Each line is a **tagged objection** — anchored to a line, raised by one reviewer with a single job. The three findings above came from three reviewers:

- **Feasibility** *(can it actually be done?)* → caught the **non-refundable flight** locked in before the plan is even validated.
- **Risk** *(what's most likely to go wrong / is irreversible?)* → caught **Day 2 cramming six sights** across the city with no time budget.
- **Goal-alignment** *(do the steps serve the goal?)* → caught that **"a good trip" is never defined**, so nothing can be judged.

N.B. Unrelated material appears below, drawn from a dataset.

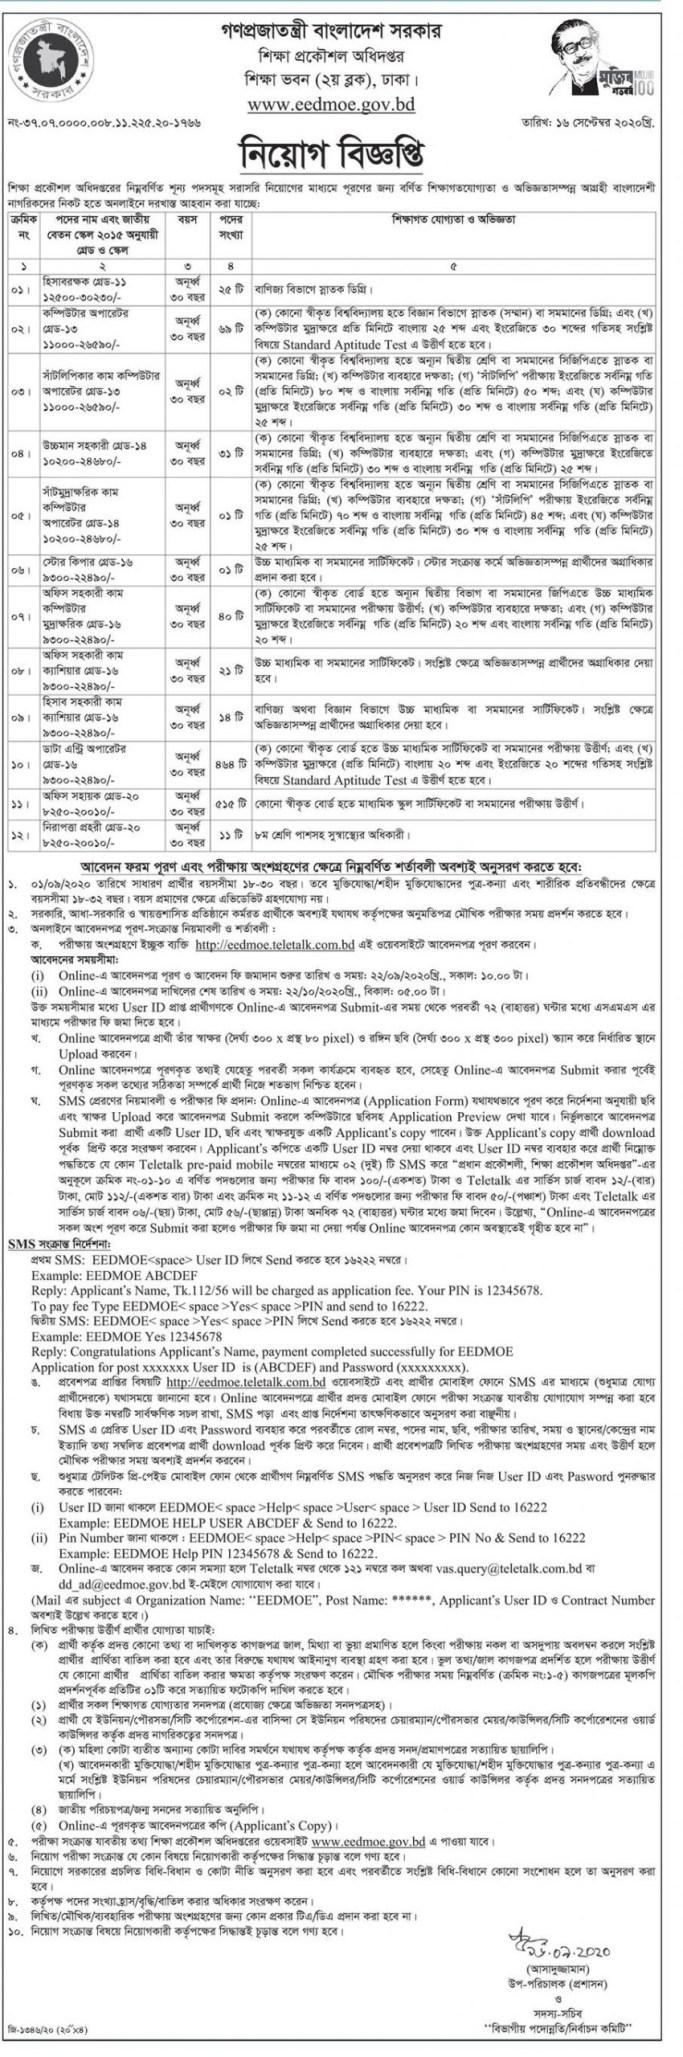 www.eedmoe.teletalk.com.bd online apply

Every objection is tagged from a fixed menu of *ways a plan breaks* — which keeps findings concrete and de-duplicable. Here's what each one catches, in this trip:

- `irreversibility_or_high_cost` — booking a non-refundable flight before validating the plan
- `ignored_constraint` — six sights in one day, no time or energy budget
- `missing_success_criteria` — never saying what "a good trip" means
- `dependency_or_sequencing_gap` — a 10:00 train right after "last-minute shopping"
- `unaddressed_risk` — going in mid-July with no rain/heat backup
- `unstated_assumption` — assuming the famous kaiseki place has a table
- `no_fallback` — no plan B if that restaurant is booked out
- `goal_misalignment` — a "relaxing" trip scheduled dawn to midnight

`--profile fast` runs one reviewer, `standard` all three, `deep` several rounds until no *new* objection survives.

## Usage

**As a skill, you don't memorize flags — just ask your agent.** Say *"review this plan with challenge-plans"*, *"is this spec ready to build?"*, or even *"how do I use challenge-plans?"* — it picks the mode and command for you and brings back the surviving objections.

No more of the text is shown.